When suspending a task (using the processor’s multitasking facilities), the processor automatically saves the state of the EFLAGS register in the task state segment (TSS) for the task being suspended. When binding itself to a new task, the processor loads the EFLAGS register with data from the new task’s TSS.

When a call is made to an interrupt or exception handler procedure, the processor automatically saves the state of the EFLAGS registers on the procedure stack. When an interrupt or exception is handled with a task switch, the state of the EFLAGS register is saved in the TSS for the task being suspended.

Status Flags

The status flags (bits 0, 2, 4, 6, 7, and 11) of the EFLAGS register indicate the results of arithmetic instructions,such as the ADD, SUB, MUL, and DIV instructions.

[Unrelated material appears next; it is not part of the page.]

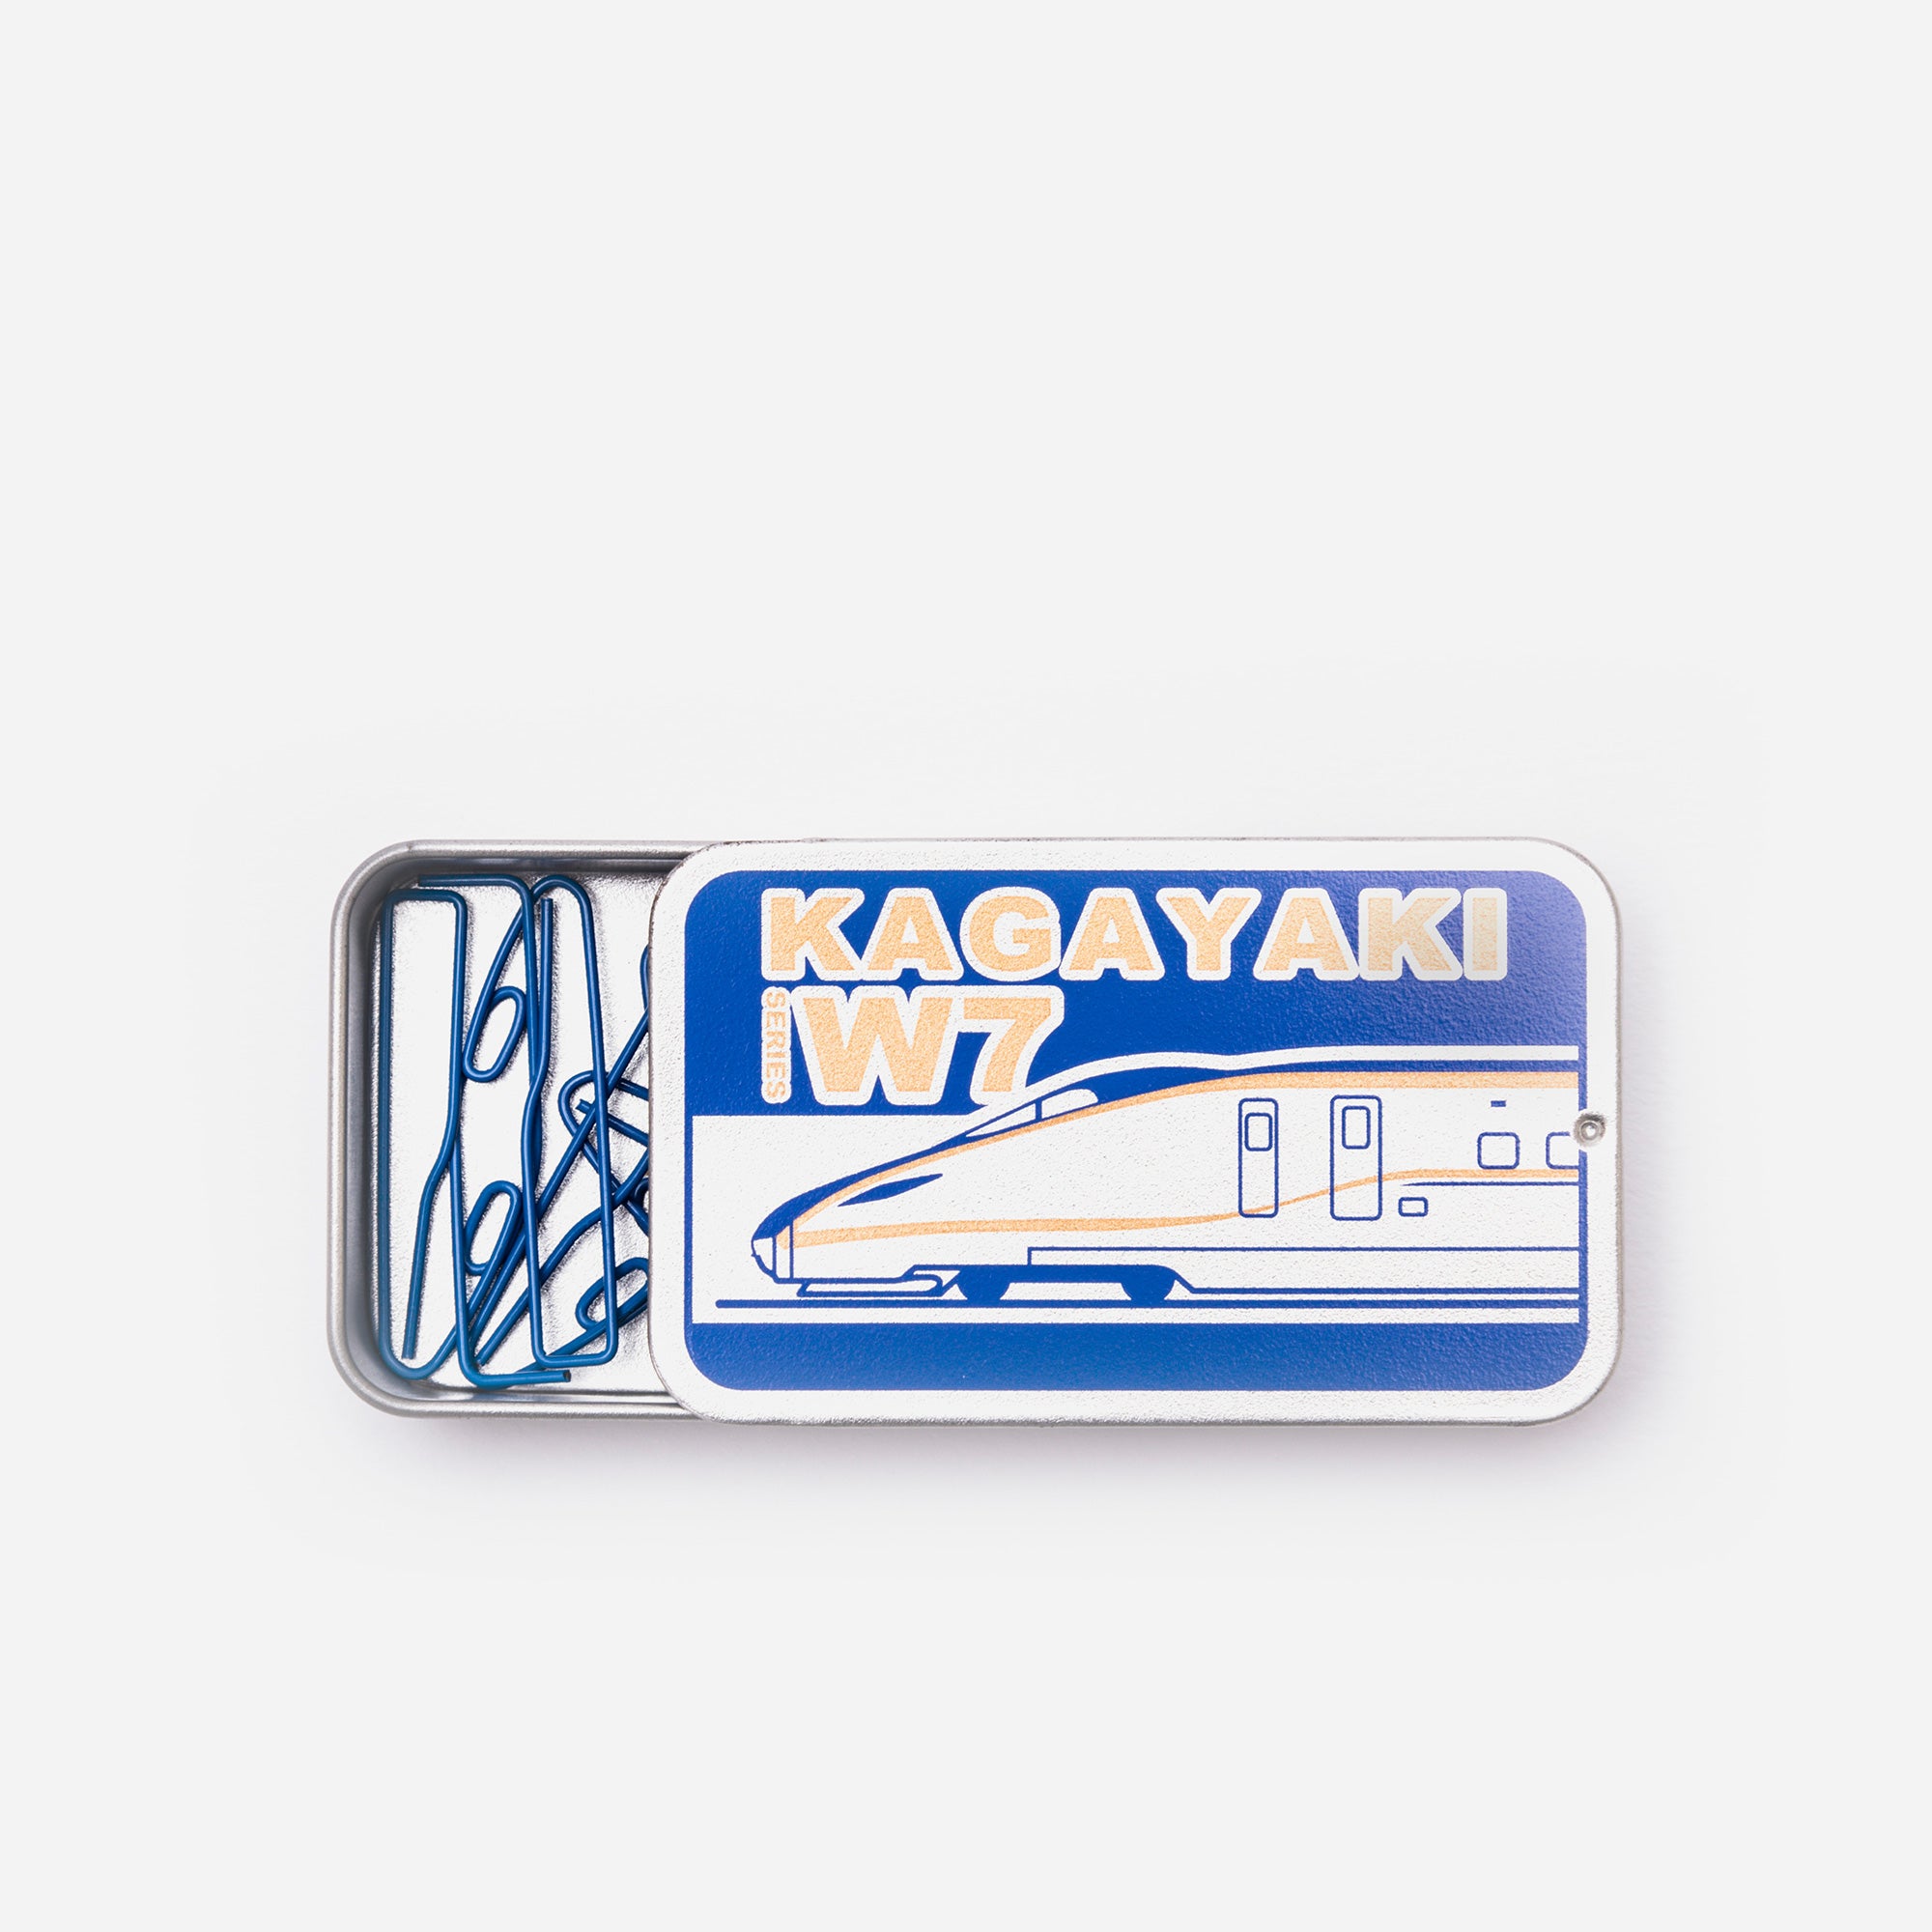 Kagayaki W7 Paper clip

CF (bit 0) Carry flag — Set if an arithmetic operation generates a carry or a borrow out of the mostsignificant bit of the result; cleared otherwise. This flag indicates an overflow condition for
unsigned-integer arithmetic. It is also used in multiple-precision arithmetic.
PF (bit 2) Parity flag — Set if the least-significant byte of the result contains an even number of 1 bits; cleared otherwise.
AF (bit 4) Auxiliary Carry flag — Set if an arithmetic operation generates a carry or a borrow out of bit 3 of the result; cleared otherwise. This flag is used in binary-coded decimal (BCD) arithmetic.
ZF (bit 6) Zero flag — Set if the result is zero; cleared otherwise.
SF (bit 7) Sign flag — Set equal to the most-significant bit of the result, which is the sign bit of a signed integer. (0 indicates a positive value and 1 indicates a negative value.)
OF (bit 11) Overflow flag — Set if the integer result is too large a positive number or too small a negative number (excluding the sign-bit) to fit in the destination operand; cleared otherwise. This flag indicates an overflow condition for signed-integer (two’s complement) arithmetic.

Of these status flags, only the CF flag can be modified directly, using the STC, CLC, and CMC instructions. Also the bit instructions (BT, BTS, BTR, and BTC) copy a specified bit into the CF flag.

DF Flag

The direction flag (DF, located in bit 10 of the EFLAGS register) controls string instructions (MOVS, CMPS, SCAS,LODS, and STOS). Setting the DF flag causes the string instructions to auto-decrement (to process strings from high addresses to low addresses). Clearing the DF flag causes the string instructions to auto-increment (process strings from low addresses to high addresses).
The STD and CLD instructions set and clear the DF flag, respectively.

System Flags and IOPL Field

The system flags and IOPL field in the EFLAGS register control operating-system or executive operations. They should not be modified by application programs.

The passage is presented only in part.